Başlangıcında tam tersi niyetlerle ortaya çıkmasına ve “Haziran’ı örgütleme” stratejisini benimsemesine karşın, ne yazık ki Birleşik Haziran Hareketi (BHH)’nin de aynı girdaba sürüklendiği görülüyor.

BHH’nin sözcüsü konumundaki arkadaşlar, bu yanlış stratejiyi dayatıyorlar, giderek derinleştiriyorlar ve hem örgütlü oldukları bileşenlerine hem de BHH’ye yazık ediyorlar. Çünkü sonuç, günümüz ülke koşullarının gereği olarak çok daha kısa sürede aynı olacaktır, olmaya başlamıştır: bağımsız bir siyasal odak olarak varlık şartlarının ortadan kalkması.

Bugün artık kimse BHH’nin ne dediğini, ne yapacağını merak etmiyor, izlemiyor.

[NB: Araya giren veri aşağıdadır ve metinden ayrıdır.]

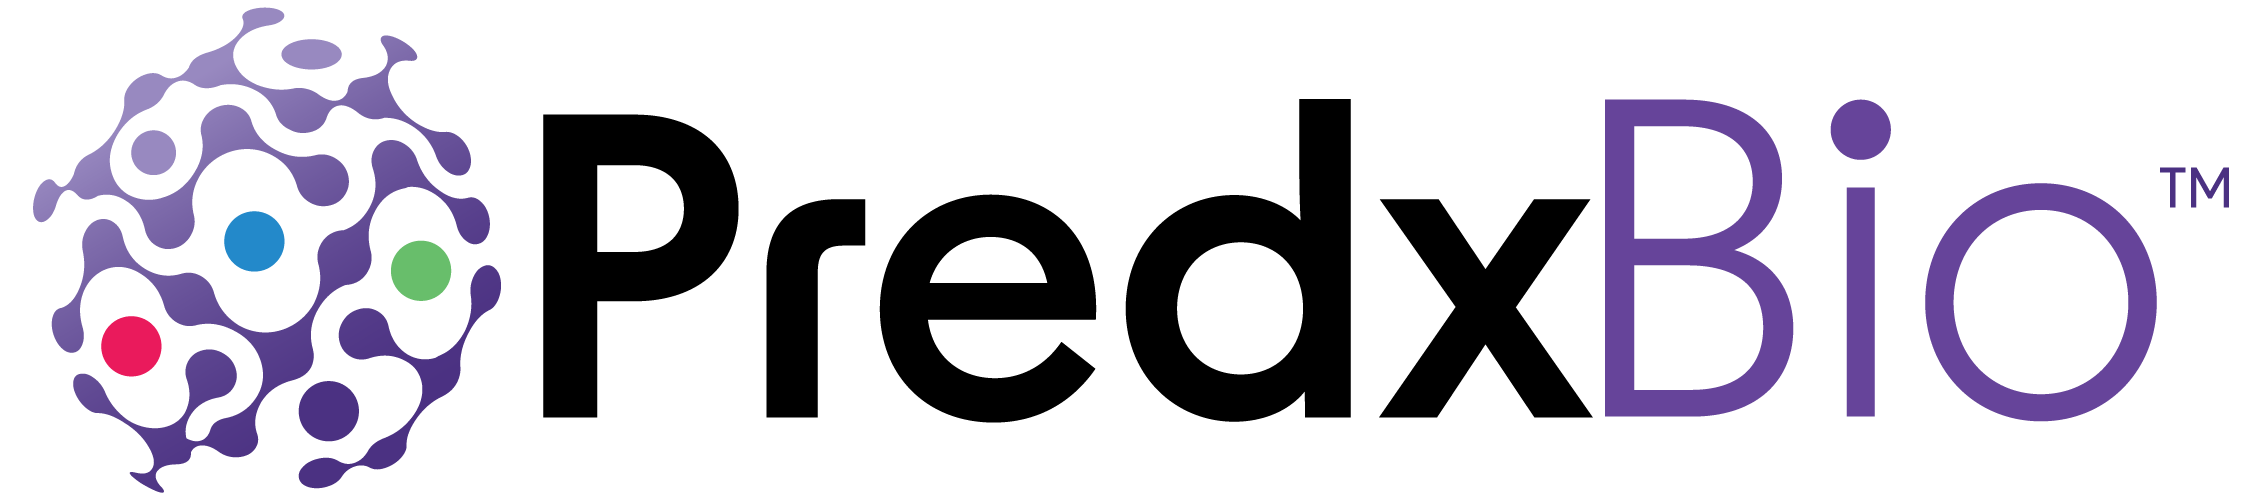 PredxBio-Logo-RGB
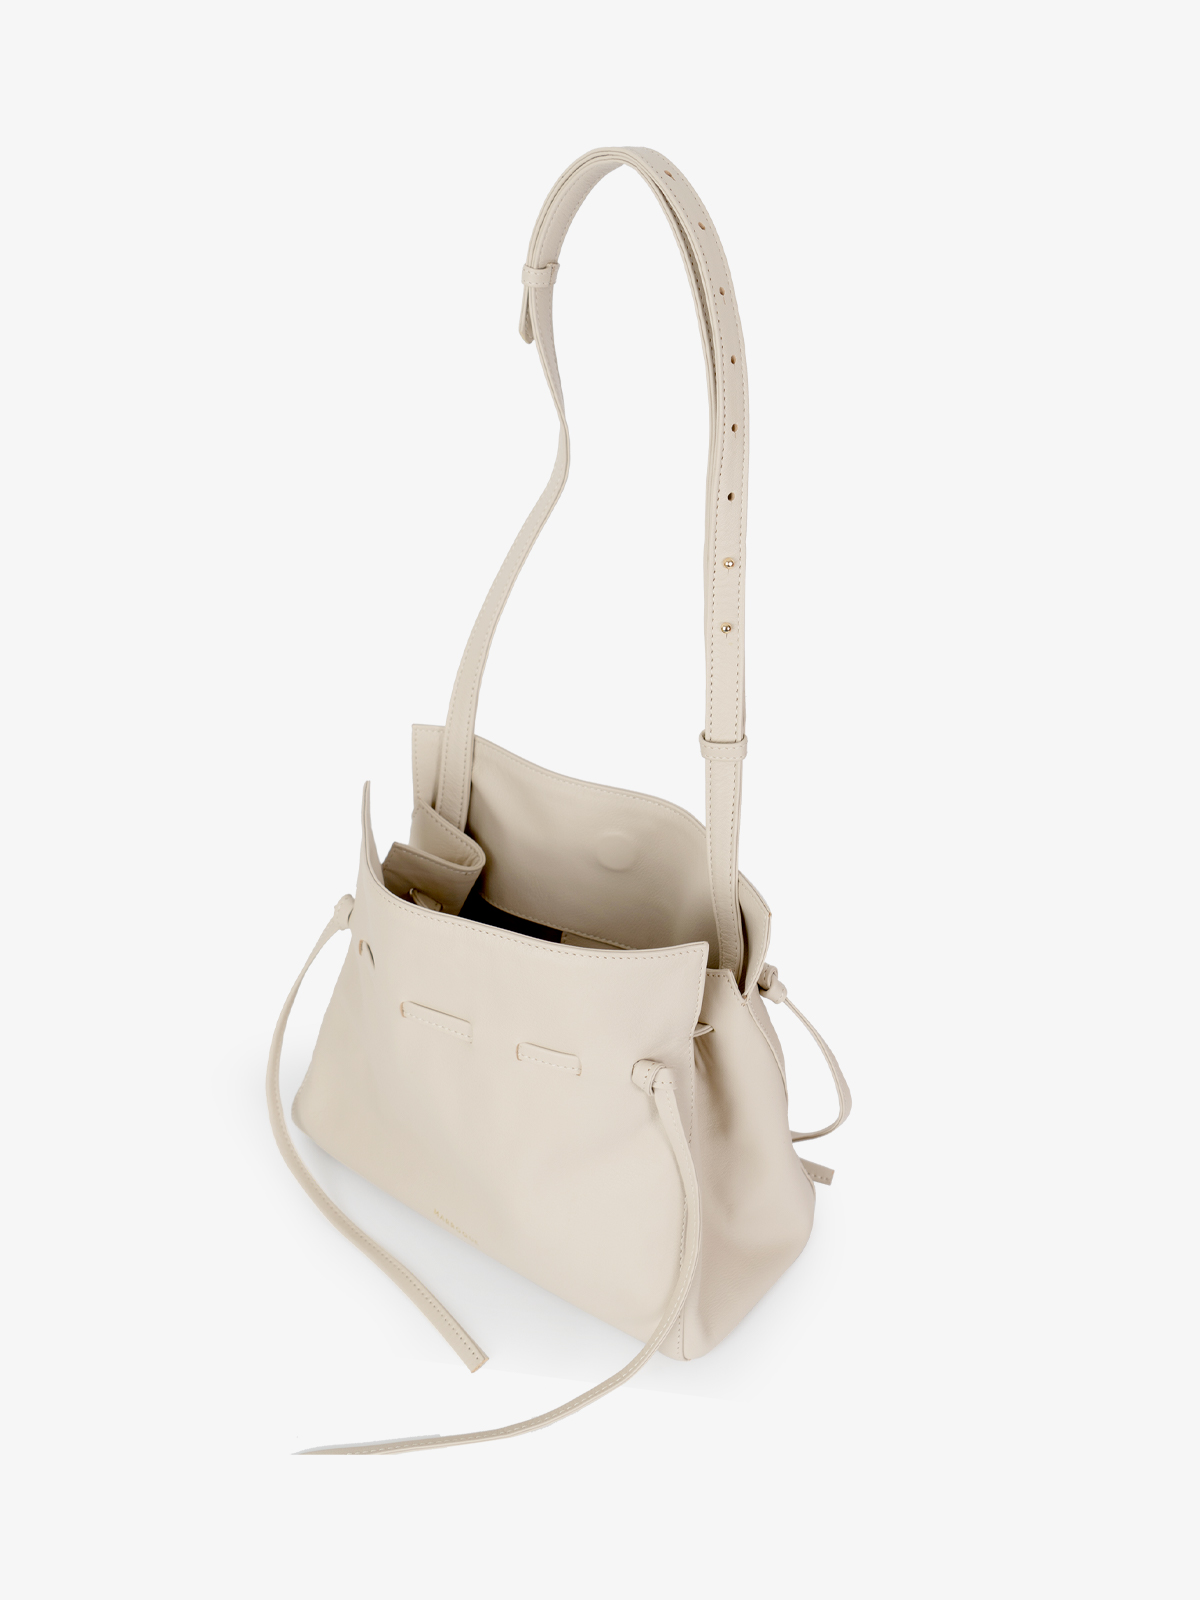 Marroque wendy 25 tote bag in Ivory. Genuine leather bag. Shoulder bag crossbody bag.

HDP’nin (Kürt hareketinin) ne dediği ve ne yapacağı belli olduğunda, BHH’nin sözcülerinin de o çizginin peşine takılacağı ve o çizginin eylemlerinde (sadece orada, başka bir yerde değil) boy göstereceği baştan biliniyor.

Gelinen nokta budur. Yığınaktaki hata BHH’yi “yancı” konumuna düşürmüştür. BHH temsilcileri, üstüne üstlük, başta toparlanan Haziran kitlesini Kürt hareketinin kuyruğuna takmanın da köprüsü olmuşlardır. Kuyruğa takılmayı reddedenleri de ortada bırakmışlardır.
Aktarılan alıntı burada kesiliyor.